==== Exercise data ====

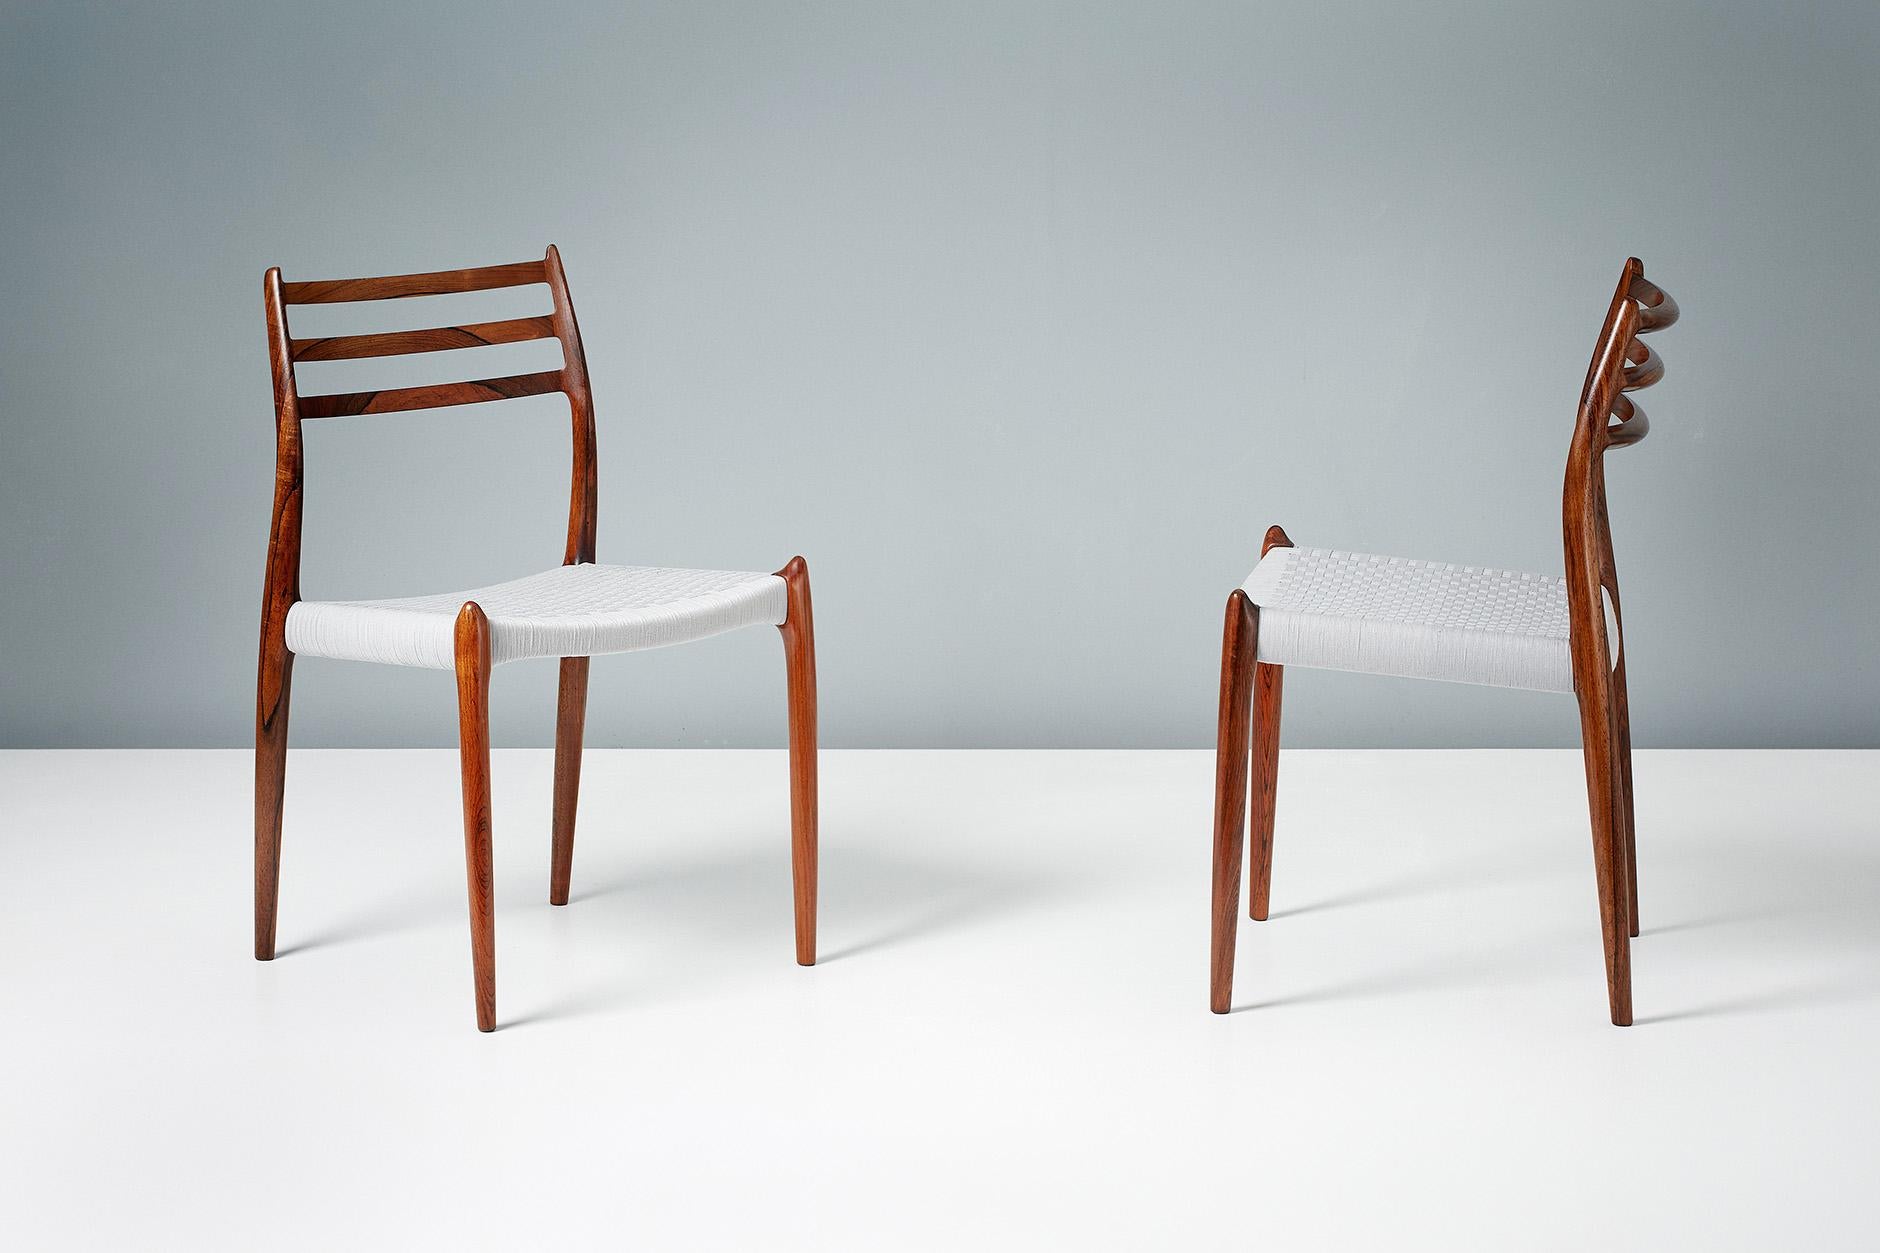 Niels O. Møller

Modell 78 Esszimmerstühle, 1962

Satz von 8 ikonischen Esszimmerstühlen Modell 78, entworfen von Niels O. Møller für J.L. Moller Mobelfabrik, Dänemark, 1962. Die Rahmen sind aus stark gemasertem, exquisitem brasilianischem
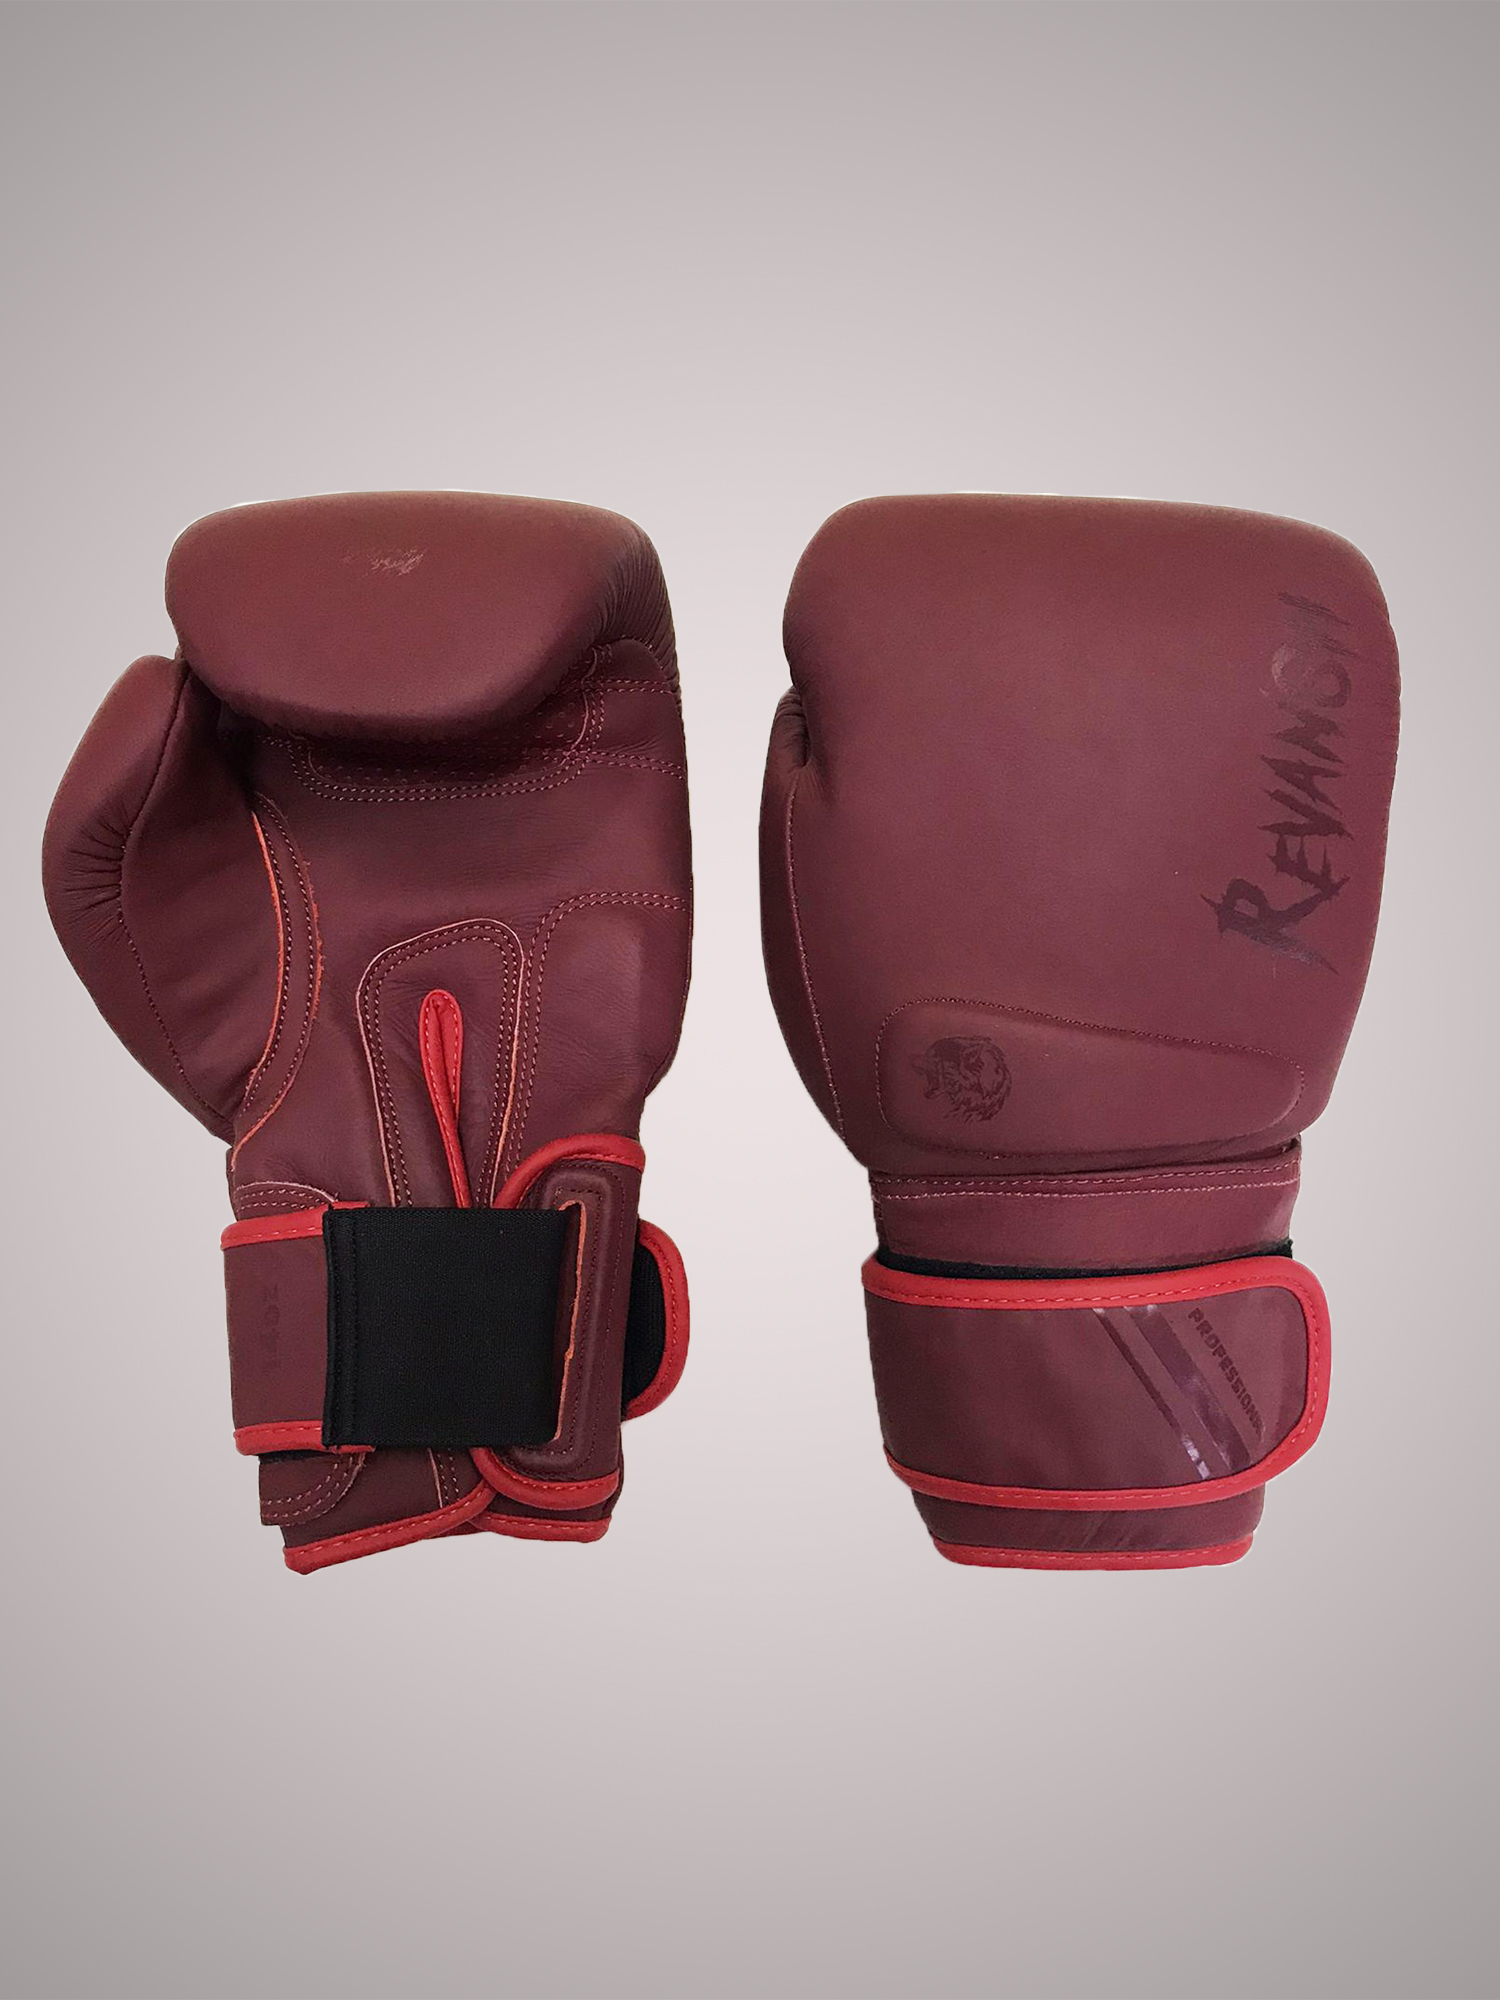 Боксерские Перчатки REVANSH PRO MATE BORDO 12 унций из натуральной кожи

====

▶ _Exercise_
Skipping the images, write out the whole listing exactly.

▶ _Answer below_
 Niels O. Møller

Modell 78 Esszimmerstühle, 1962

Satz von 8 ikonischen Esszimmerstühlen Modell 78, entworfen von Niels O. Møller für J.L. Moller Mobelfabrik, Dänemark, 1962. Die Rahmen sind aus stark gemasertem, exquisitem brasilianischem
 Боксерские Перчатки REVANSH PRO MATE BORDO 12 унций из натуральной кожи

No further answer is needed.